I began to suspect that I had done the inspector an injustice, and he actually hadn’t as yet given the pictures a close inspection. For if he had, I am sure he would have recognized the face which caused my whistle as quickly as I did.

I tossed the glossy print over to him.

He studied it with gradually widening eyes. There, lying in the broad-shouldered man’s arms and smiling up at him lazily, was Bubbles Duval.

Chapter Seventeen

It took a bit of argument to talk Warren Day into letting me borrow the picture of Bubbles and the broad-shouldered man. The inspector was all for dragging the girl down to headquarters and sweating out of her the name of Ford’s confederate.

I finally convinced him that since I knew the girl personally and she seemed to have some liking for me, I could probably get more out of her than some strange cop.

The only other information I got from Warren Day was that Thomas Henry’s bond hearing at nine o’clock that morning had come to nothing. Despite the legal efforts of the expensive Harvey Brighton, the judge had refused to allow bond, declaring that the nature of the alleged crime indicated that the accused, if guilty, was too inclined to violence for the court to assume responsibility for loosing him on society even temporarily until a jury had decided whether or not he was to be released permanently.

When I left headquarters, I drove over to West Lucas and dropped by Jessup’s Jewelry Store. A gracious brunette with all the suavity of an undertaker’s assistant came forward to wait on me.

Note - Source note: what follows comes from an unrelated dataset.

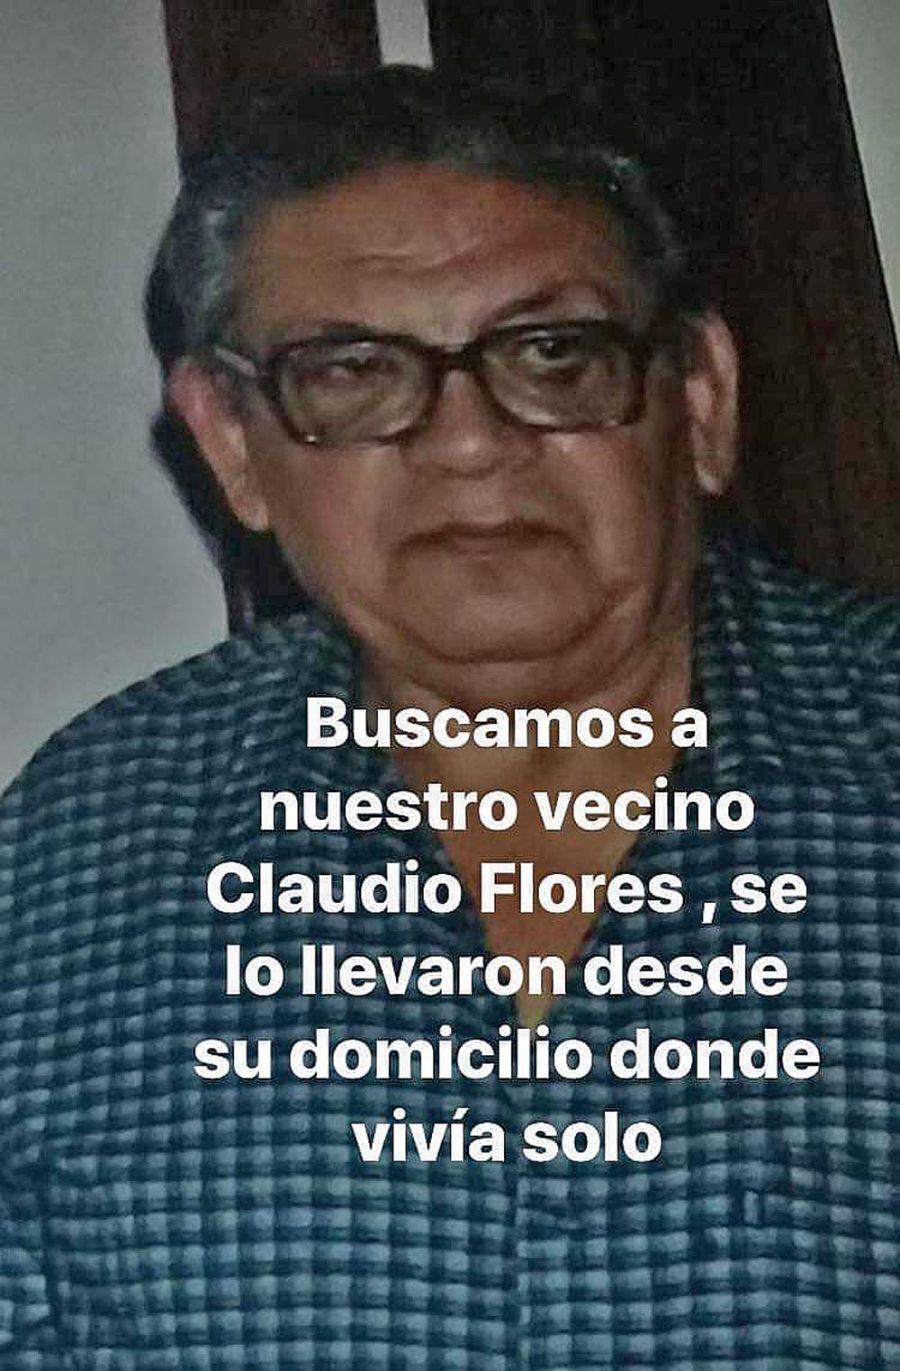 Claudio Flores, el hombre que denunciaron como desaparecido 20210503
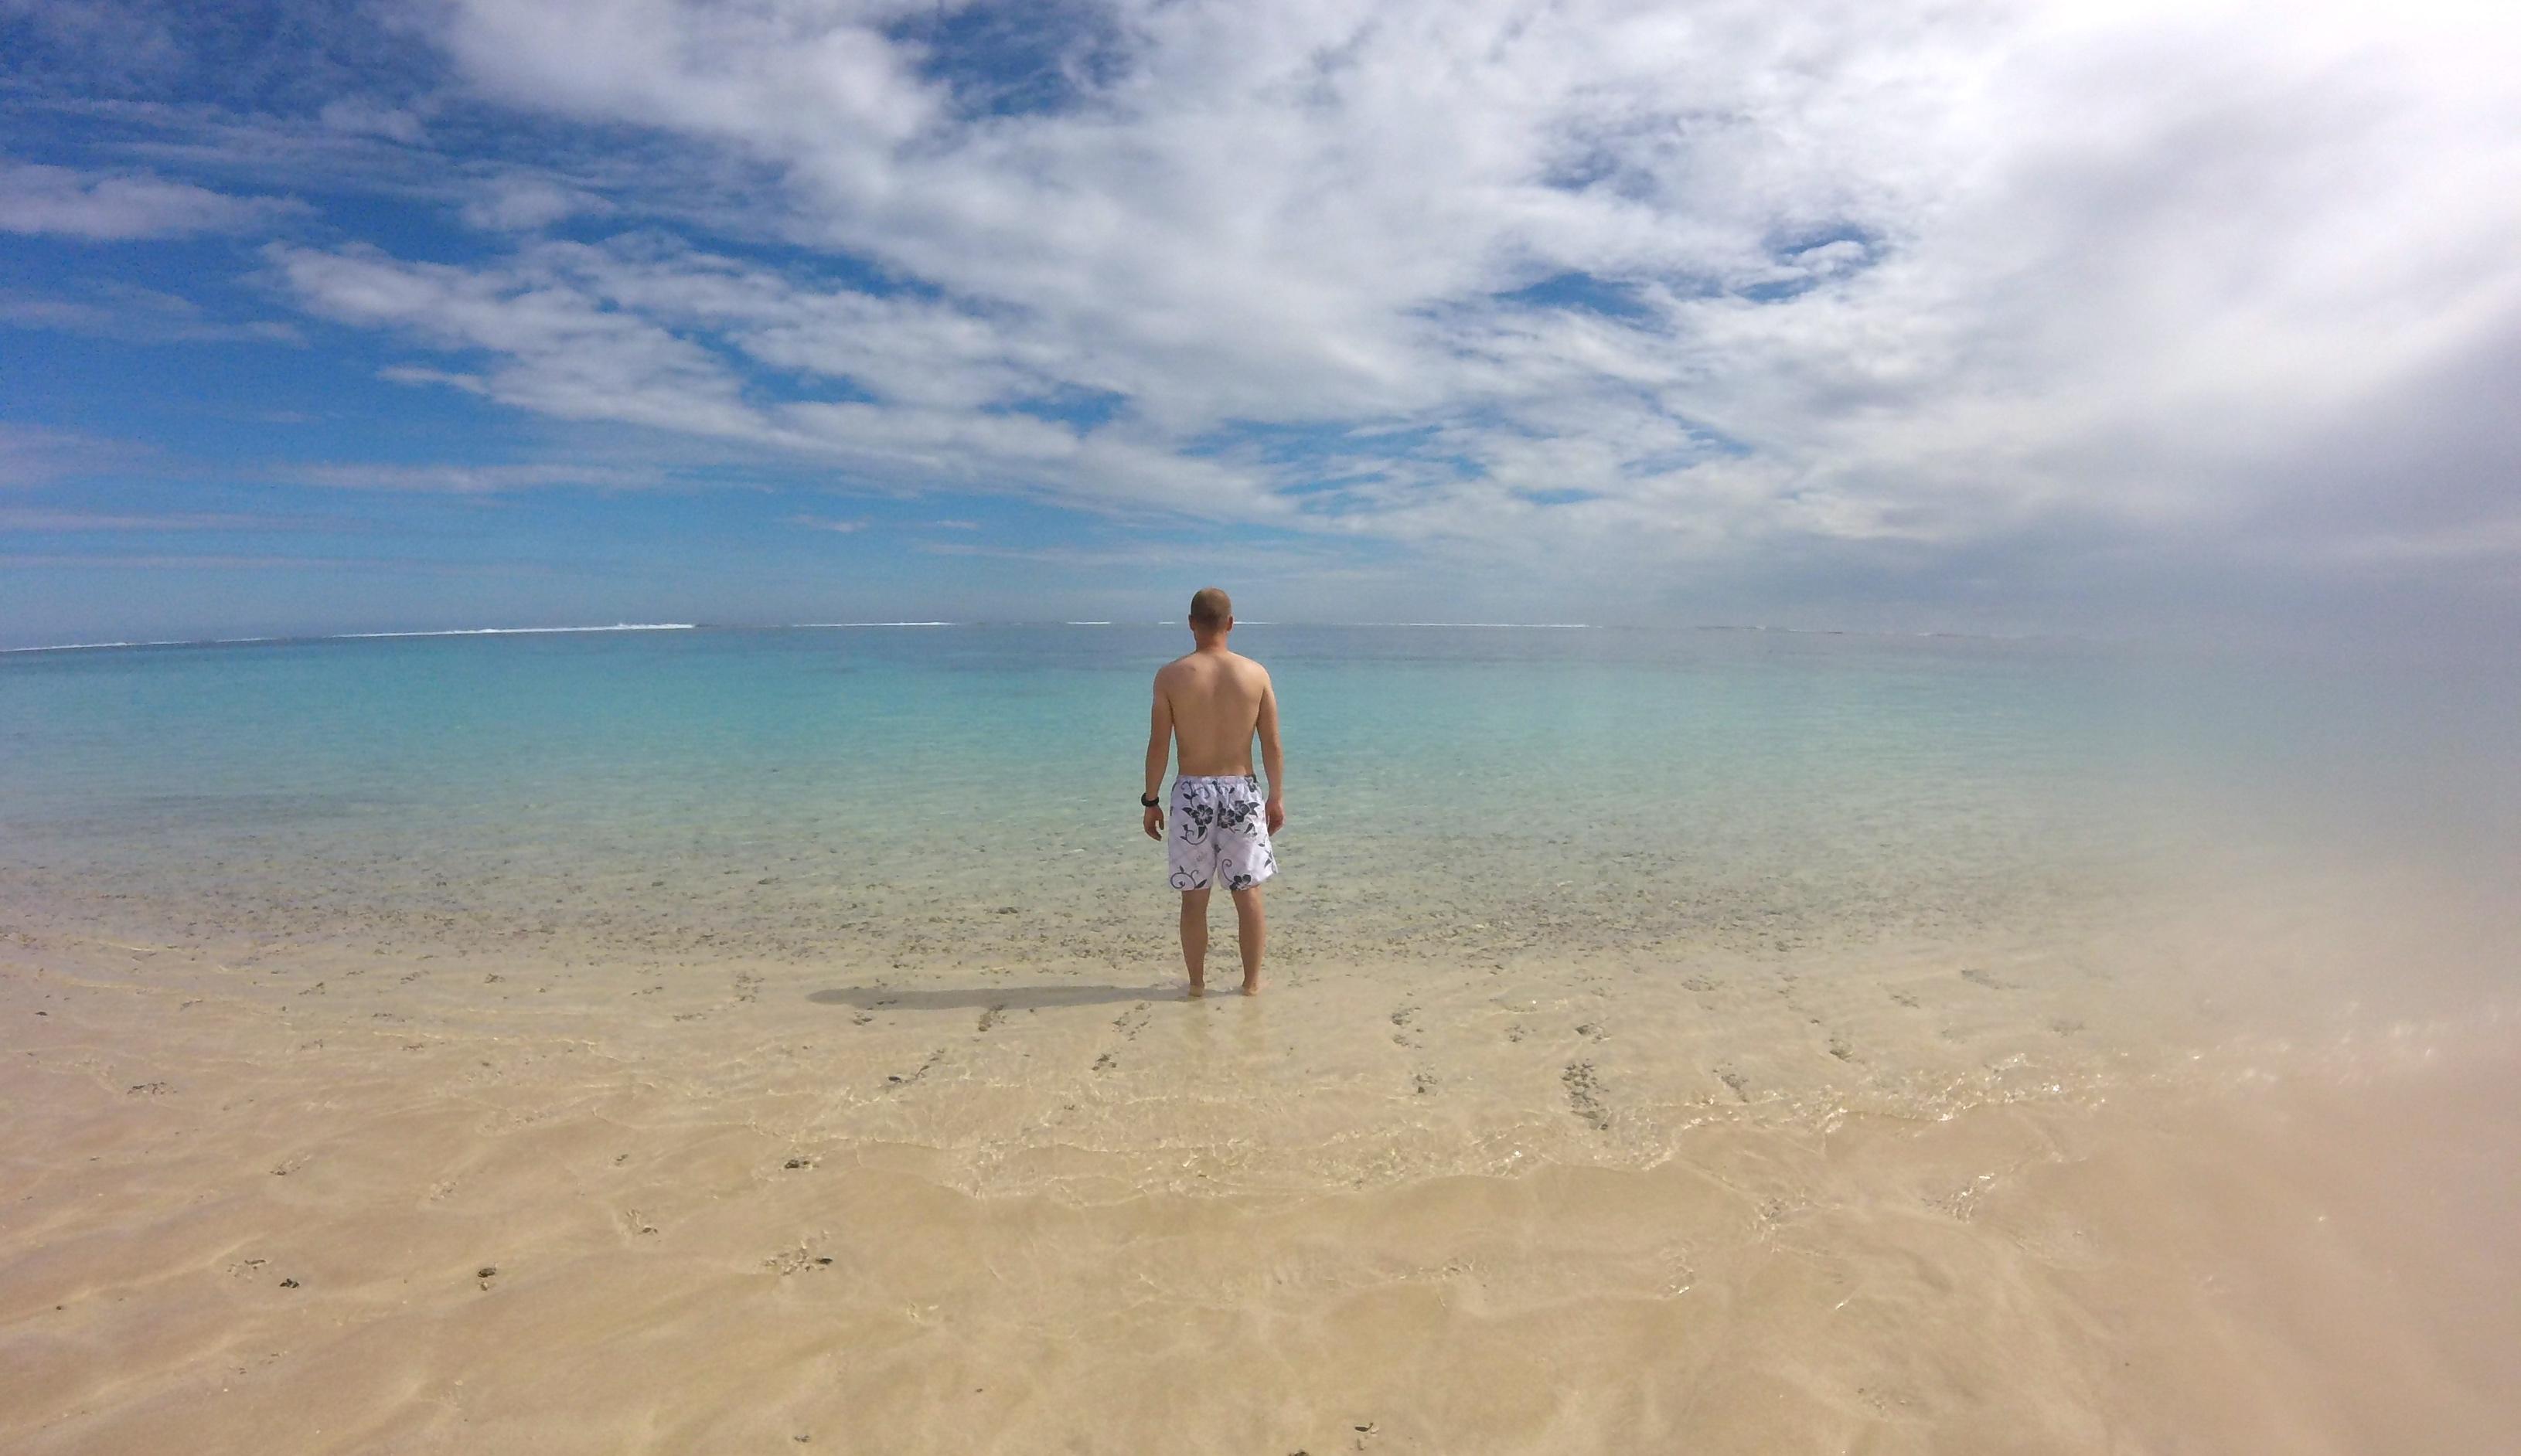 Voyages-et-compagnie.com - Blog voyage | Côte Ouest Australie - Coral Bay

When I asked to speak to the proprietor, she wanted to know what about. I told her about some gold engraving and she looked politely interested, but when I failed to elaborate, she smiled pleasantly and led me toward the rear of the store with the air of a headwaiter showing me to a table.

Mr. Jessup, whose first name was Samuel according to the discreet gold lettering on the front window I had noted on the way in, was closeted in a tiny workroom containing nothing but a table, one chair and a rack of intricate tools. The table top was littered with rings, watches and other types of jewelry in various stages of repair, and at the moment the jeweler was resetting a stone in a rhinestone bracelet.

In contrast to his sophisticated clerk, Samuel Jessup was as homey as red suspenders. He was a plump man of about fifty with a benign face and an air of extreme patience. When the brunette announced in a soft voice that he had a visitor, he nodded without looking up and continued to work on the bracelet with a thin-nosed pair of pliers.

I waited quietly until he had made the last delicate adjustment, laid down the pliers and removed the powerful jeweler’s glasses from his eyes. For them he substituted a plain horn-rimmed pair, then blinked up at me inquiringly.

Handing him my license, I waited until he had studied it, then said, “I’m working with the Homicide Department on the Ford case. I have Inspector Day’s permission to ask questions in the name of the department and I’d like to ask you some. Maybe you’d like to check me by phone with Inspector Day first.”